Martin Brundle, meanwhile, went for a more surgical proposal — one that’s also inspired by IndyCar, but doesn’t ask F1 to rewrite the laws of physics. His point is brutally simple: in a late Safety Car, why are we prioritising the administrative right of backmarkers to unlap themselves over the sporting right of the leaders to actually race?
Brundle’s answer is to send lapped cars down the pit lane instead of letting them perform the wave-by. Let the lead-lap runners line up in correct order immediately, then have the lapped cars rejoin at the back. That removes the lap currently “spent” on unlapping, and gives race control a better chance of restarting with something meaningful left.
“In IndyCar, for example, if it’s within the last 10 laps, instead of a wave-by the lapped cars are made to peel off into the pit lane and rejoin at the back of the field,” Brundle wrote. The subtext wasn’t subtle: if you’re a lap down, your afternoon has already gone wrong — why should you be the reason the front of the field doesn’t get to settle it properly?
He also floated the nuclear option F1 keeps half-flirting with: a red flag and a standing restart. That, at least, guarantees a race finish. But as Brundle noted, it “takes a while”, and in a sport that is forever selling its “flow”, it’s not a decision you take lightly.
And then there’s the view from the pit wall, where the incentives are always more hard-edged. Former team principal Otmar Szafnauer argued the red flag is the cleanest way through this particular mess — not because it’s purer, but because it’s legal and it’s entertaining. He said he spoke to FIA single-seater director Nikolas Tombazis about it and came away convinced the governing body could have stopped the race and restarted it.

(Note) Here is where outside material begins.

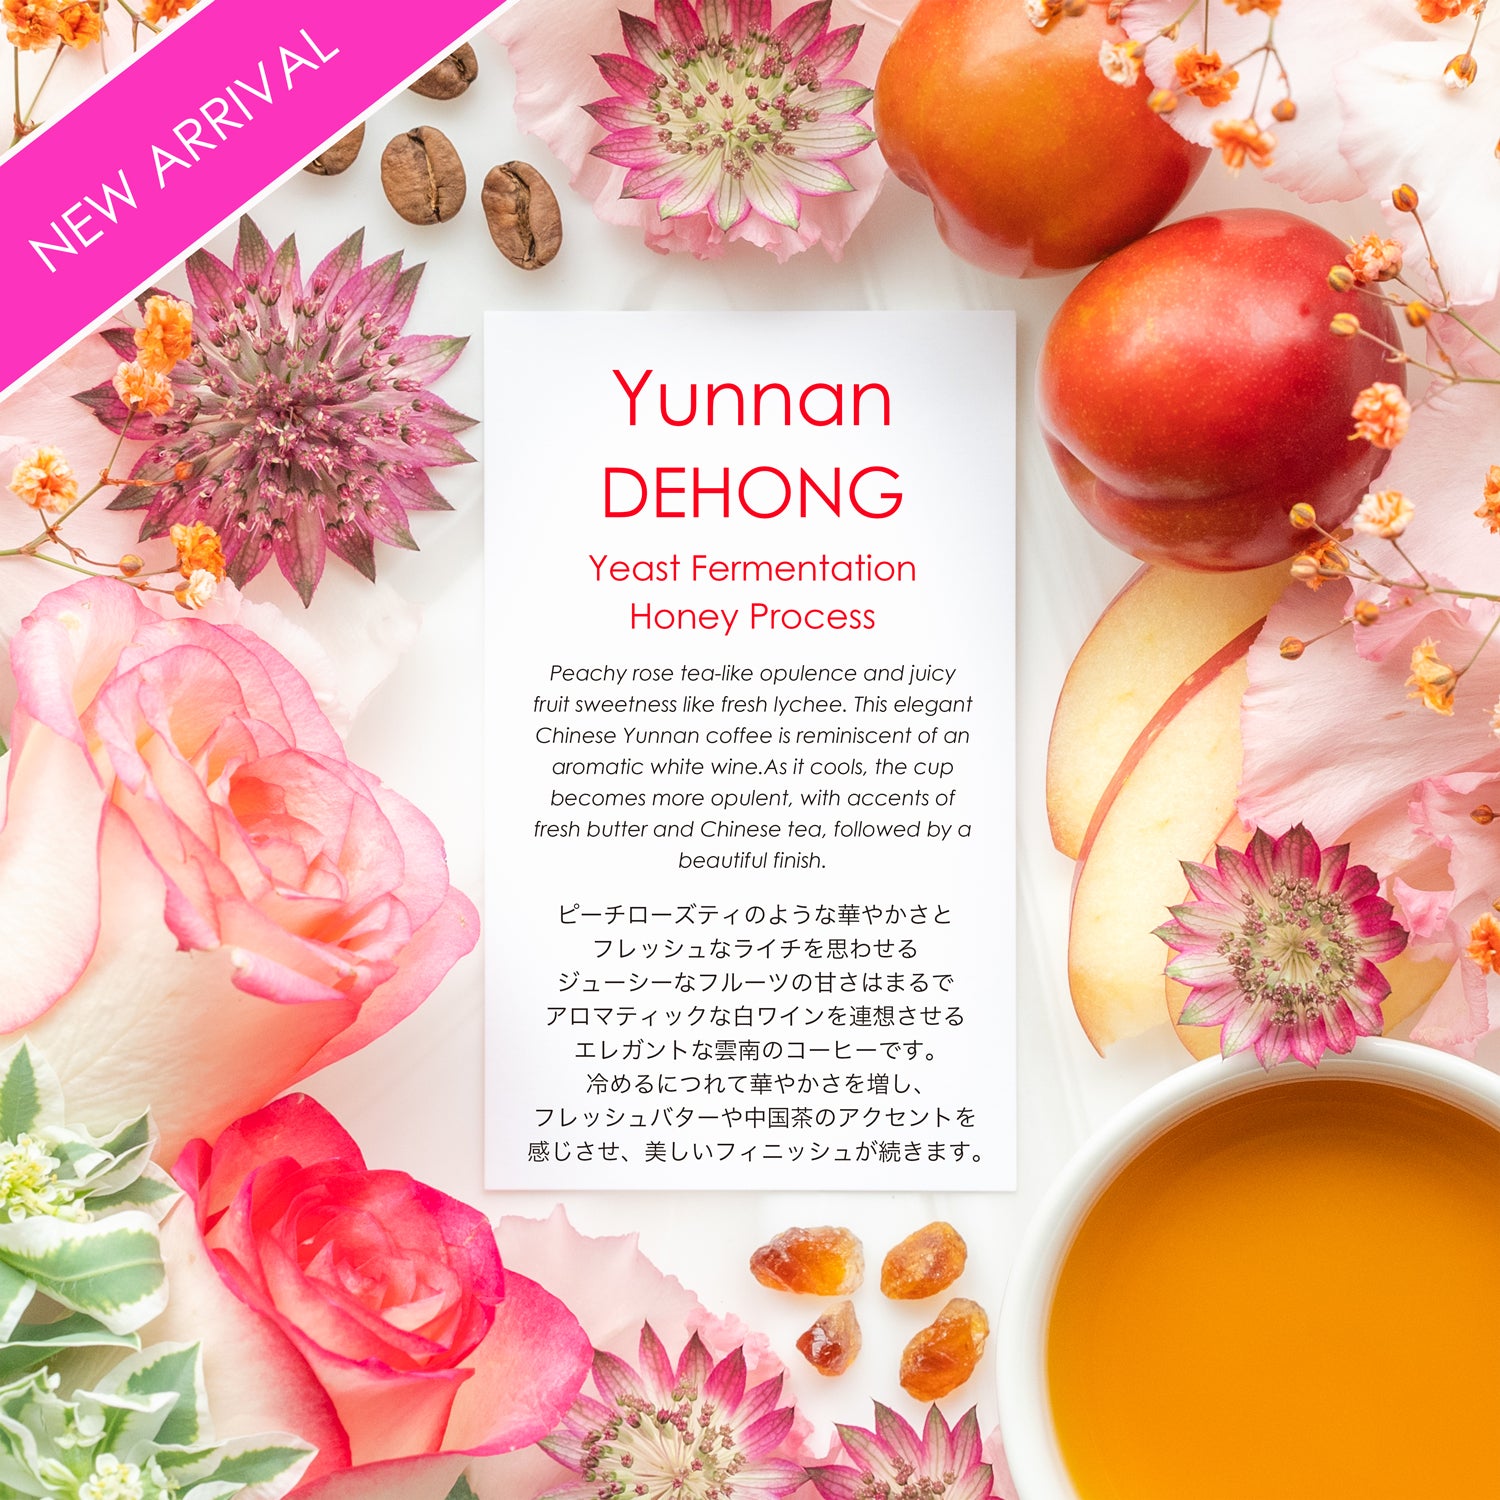 DEHONG Yeast Fermentation Honey Process [Peachy rose tea-like]

“The FIA followed the current rules,” Szafnauer said, “but they have the option to red flag it.” His pitch wasn’t dressed up as a philosophical crusade for racing purity either. It was blunt: “Red flag it for the fans.”
That’s the uncomfortable truth at the heart of this debate. F1 wants to be seen as a sport that doesn’t manufacture outcomes — and it’s still scarred by the mention of Abu Dhabi 2021, which Brundle referenced with a pointed “anybody?” — but it also knows a Safety Car finish is a dead product. A sell-out Silverstone watching cars trundle home is bad television and worse live theatre.
The irony is that F1 already has the tools to avoid the worst version of these endings without resorting to made-for-TV gimmicks. Brundle’s pit-lane peel-off concept would preserve the integrity of the classification, avoid the fuel problem Button flagged, and reduce the risk of race control being trapped by its own timing. The red flag option remains the most dramatic, but also the most disruptive — and it’s easy to imagine teams arguing it turns incidents into opportunistic resets.
Silverstone didn’t end in controversy, exactly. Leclerc still won; the FIA still had the rules on its side. But the sport can’t keep treating these finishes as an unavoidable quirk when they’re often the predictable outcome of procedures written without enough consideration for late-race reality.
If F1 wants fewer processions and more proper conclusions, it doesn’t need to reinvent itself. It just needs to stop letting the back of the queue dictate what the front is allowed to do.